Pristima - Standard for Exchange of Non-Clinical Data (SEND) Software
The FDA has issued the final guidance on standardized electronic data. Now, studies starting after Dec. 18, 2016, for applicable NDAs, BLAs and ANDAs, and studies starting after Dec. 18, 2017 supporting IND submissions, must be submitted in accord with electronic standards specified by FDA (SEND for nonclinical). Xybion's Pristima is a registered solution provider for CDISC and can ensure your studies are SEND Compliant.
Pristima Suite, the Total Preclinical Lab Management Solution, provides a module to facilitate the FDA SEND standards for preclinical submissions. The Standard for Exchange of Non-Clinical Data (SEND) is an implementation of the Study Data Tabulation Model for non-clinical studies. This standard was developed by the Clinical Data Interchange Standards Consortium’s (CDISC) SEND Team for non-clinical data collected from animal toxicology studies is the FIRST fully integrated end-to-end enterprise solution for tracking and managing veterinary facilities and research subjects throughout the pre-clinical research process. From breeding and ordering through the study submission process, the Pristima Suite™ delivers essential capabilities across the entire drug discovery process to facilitate your entire research program. For over 25 years, global pharma companies and CROs have relied on our flagship Pristima pre-clinical data management suite for effective, end-to-end processes. Pristima delivers quality, efficiency, and compliance assurance.
Standard for Exchange of Non-clinical Data (SEND) is the content standards set by the FDA for the submission of pre-clinical safety assessment data. By creating a recognized standard for submission data, SEND facilitates communication between research organizations, sponsors and regulators.
The Pristima SEND Conduit (SCC) is fully integrated with the full Pristima Data Management Suite is designed to comply with the FDA regulatory guidelines and standards. Acting as a channel to concentrate and reformat preclinical data, the Pristima SCC module is designed to support SEND compliant data submissions to the FDA from a variety of data sources, including Pristima, Xybion’s legacy PATH/TOX SYSTEM and other third party data management systems such as those used for toxicokinetic data management.
Xybion designed the SCC module to rigidly adhere to the current CDISC standards. As an Associate Member of CDISC™ (Clinical Data Interchange Standards Consortium) Xybion has a thorough understanding of the requirements and best practices. Additionally, working in close cooperation with a large CRO client to identify value add capabilities, Xybion has developed the SCC module with a transfer mechanism to facilitate the exchange of data between the CRO and the sponsor.

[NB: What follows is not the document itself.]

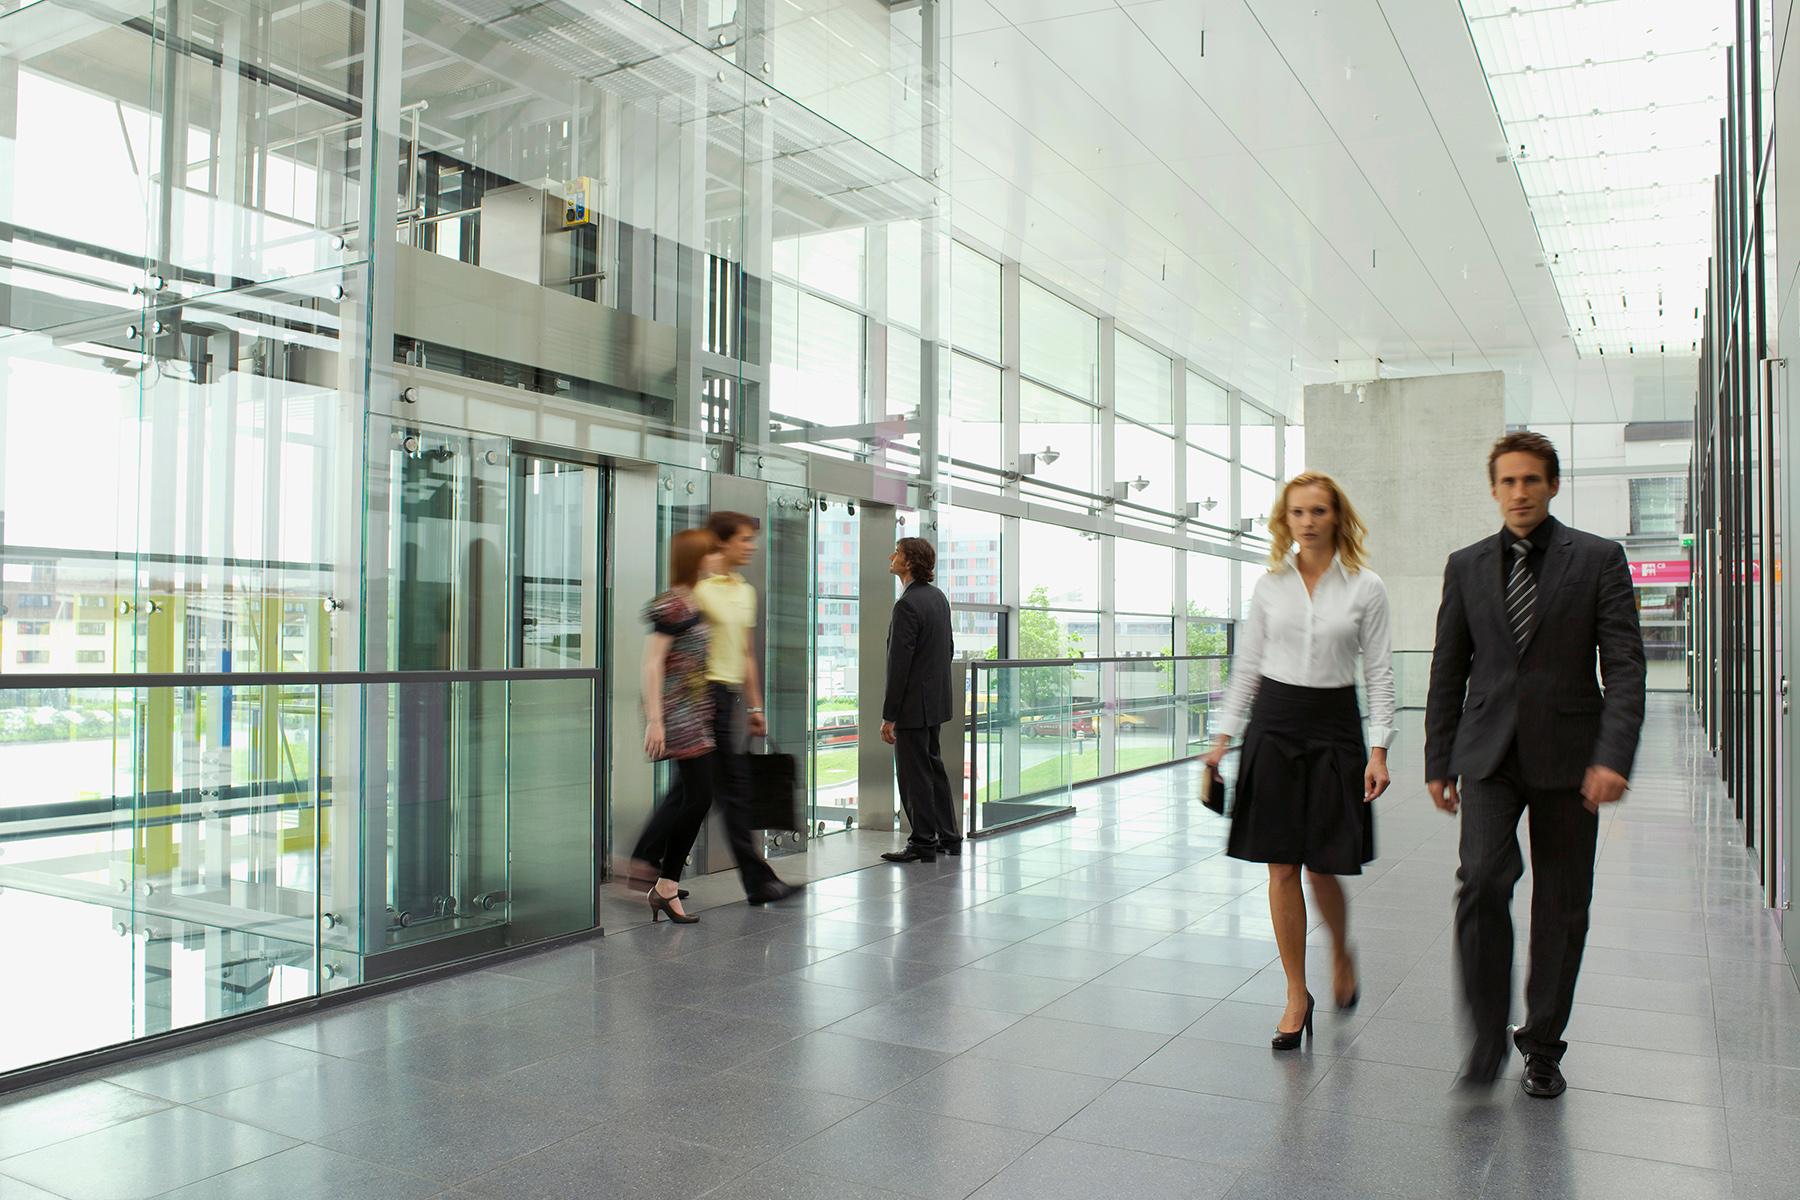 German office corridor

The Pristima and PATH/TOX SYSTEM customer benefit from a seamless integration of these application suites and a friendly user interface that provides the user with guides and queues to complete the submission.
The Pristima Suite is a comprehensive Research and Safety Study Management application. The system offers advanced capabilities for toxicology and pathology data management. Pristima VM delivers extensive capabilities for Vivarium Management and Veterinary Care. This unique solution delivers key features that effectively bridge the gap between the business, animal management and scientific aspects of research absent in many of today’s pre-clinical solutions. Pristima VM’s rich graphical user interface and detailed reports and visualizations deliver the most comprehensive animal facility solution.